◆ **WHAT IS NEEDED**: The task calls for the lines below from the line with "Breakfast plate with" to the line with "white dresses, resort", both ends included, copied exactly, without any pictures.

◆ **RECORDS TO PROCESS**:
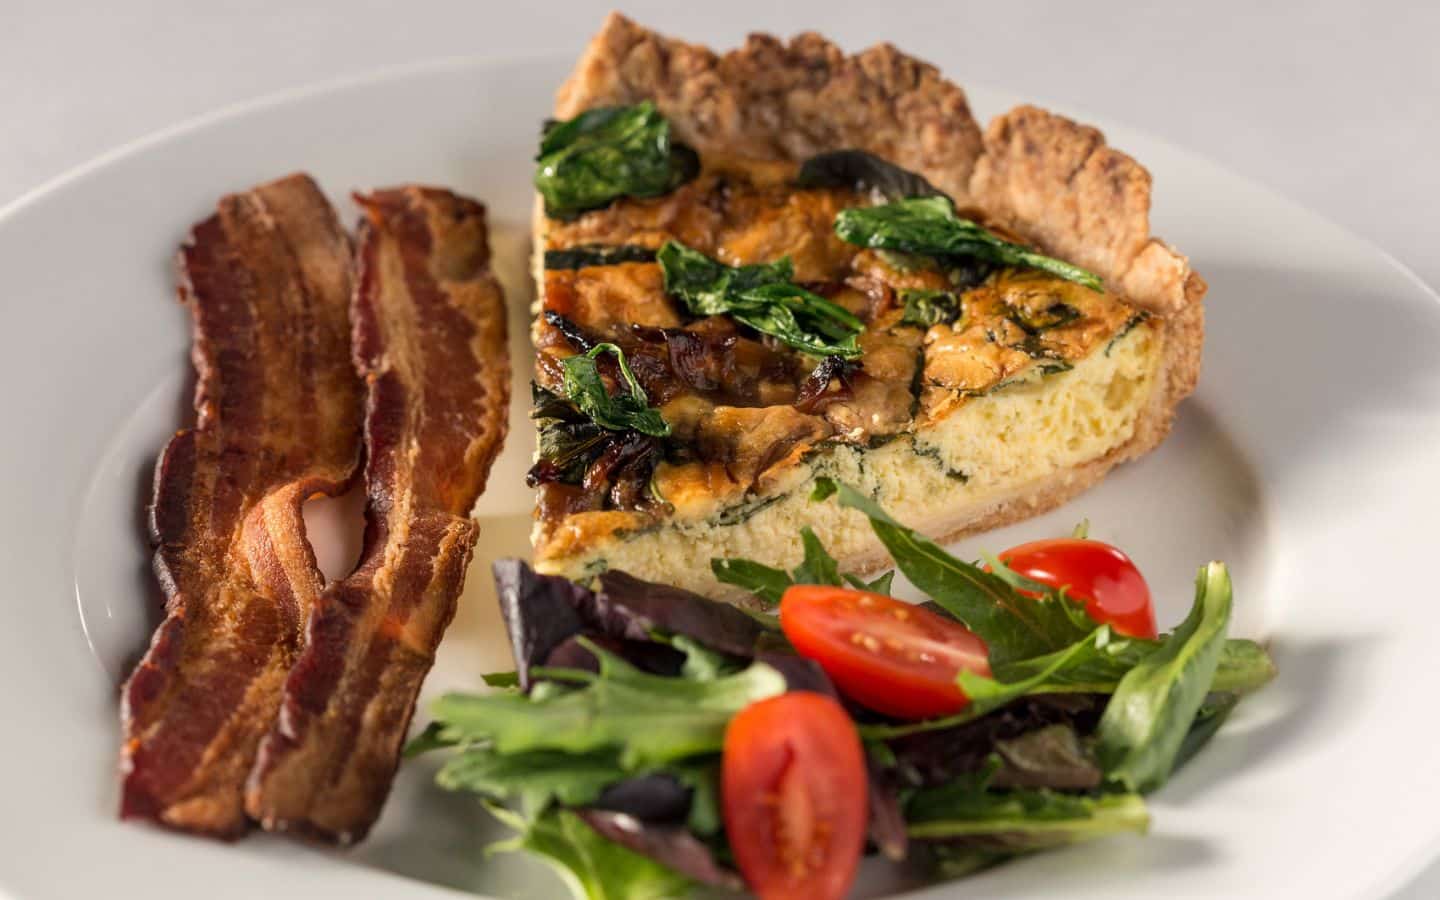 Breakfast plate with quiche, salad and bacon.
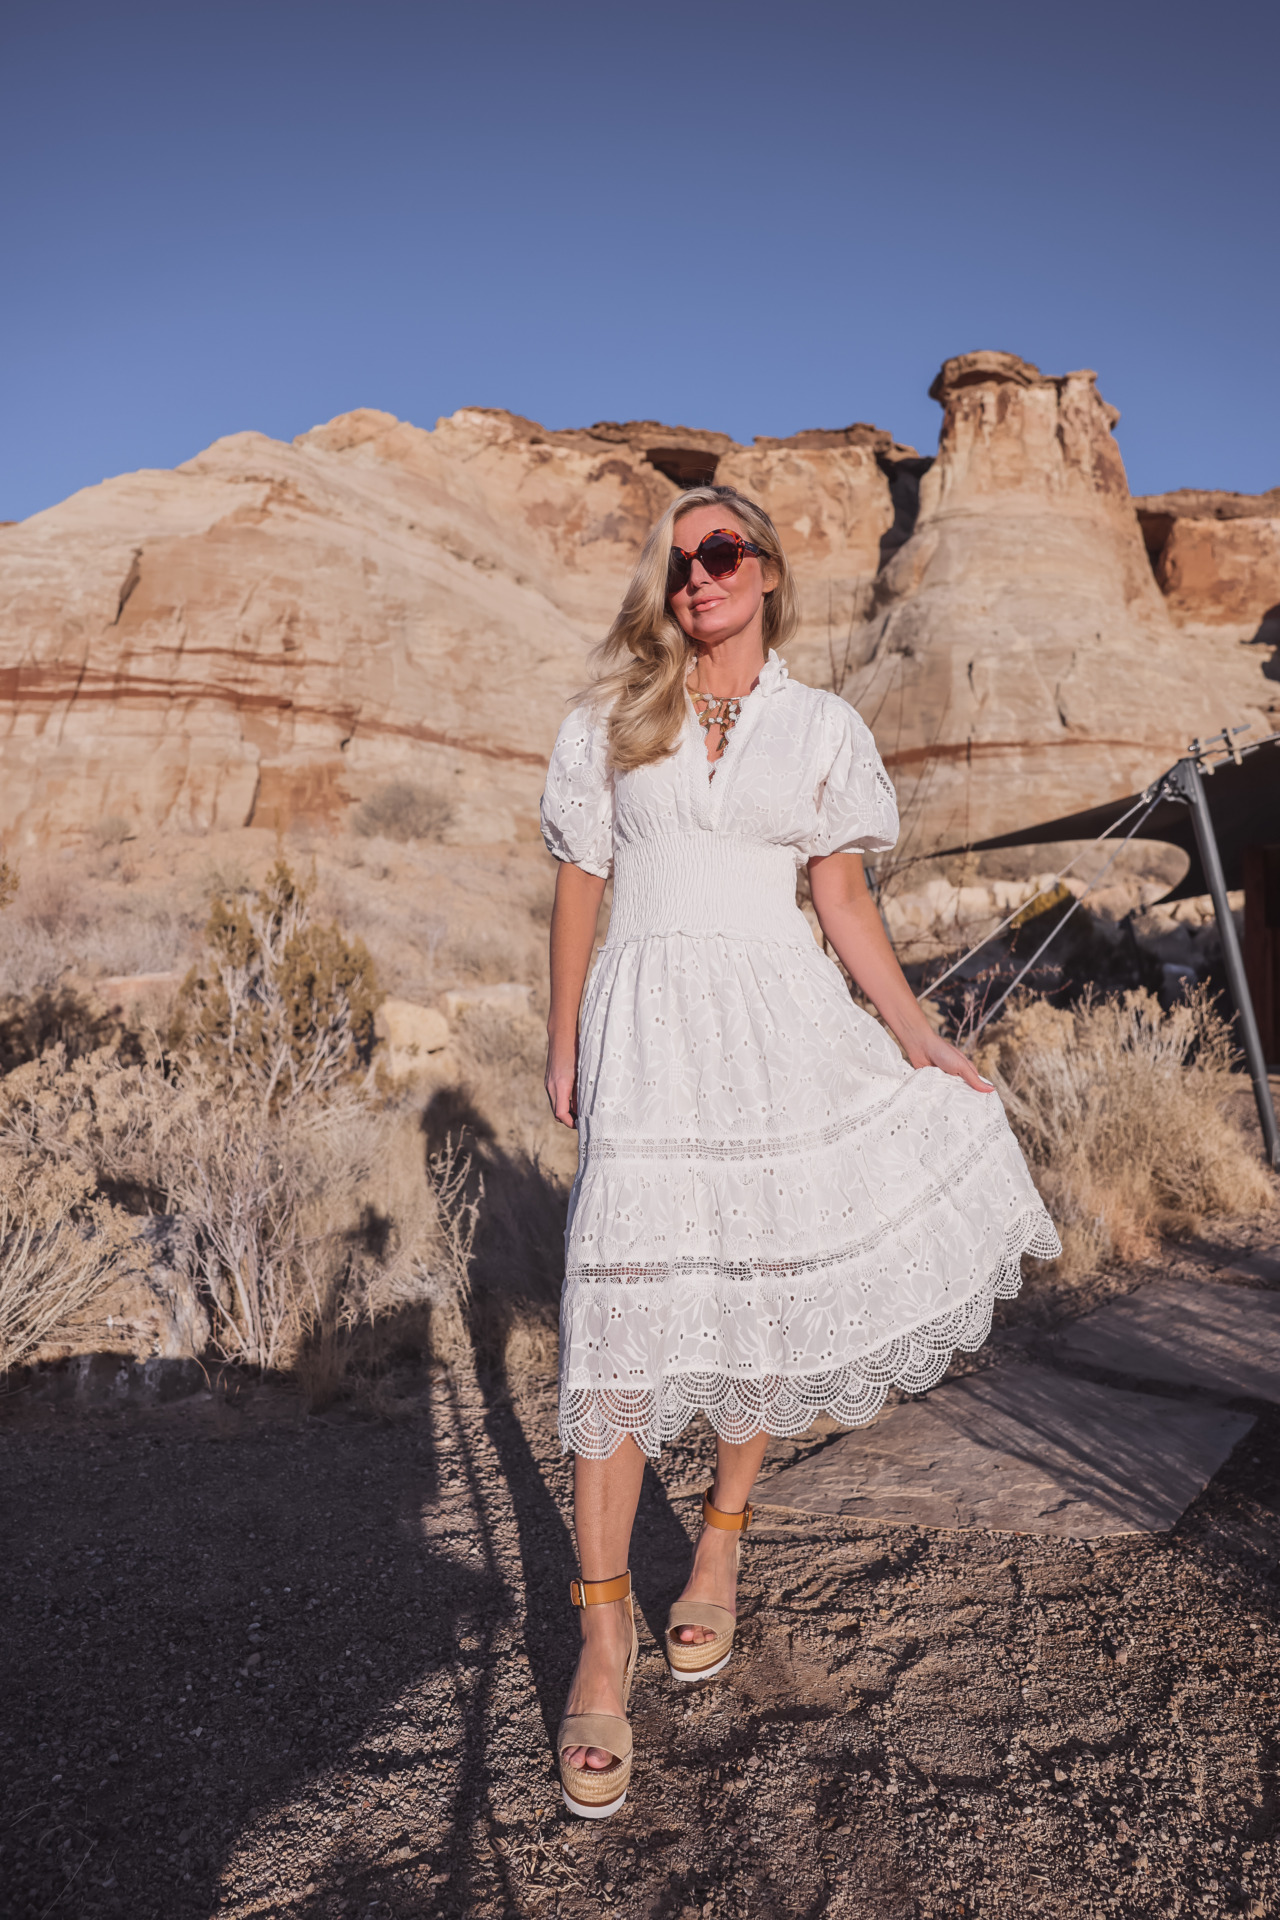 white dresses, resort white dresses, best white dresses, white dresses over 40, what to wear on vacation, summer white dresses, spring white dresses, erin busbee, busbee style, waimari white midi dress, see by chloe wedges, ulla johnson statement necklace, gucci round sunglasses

--

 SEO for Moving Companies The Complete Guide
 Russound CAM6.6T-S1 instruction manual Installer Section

◆ **ANSWER SECTION**:
 Breakfast plate with quiche, salad and bacon.
 white dresses, resort white dresses, best white dresses, white dresses over 40, what to wear on vacation, summer white dresses, spring white dresses, erin busbee, busbee style, waimari white midi dress, see by chloe wedges, ulla johnson statement necklace, gucci round sunglasses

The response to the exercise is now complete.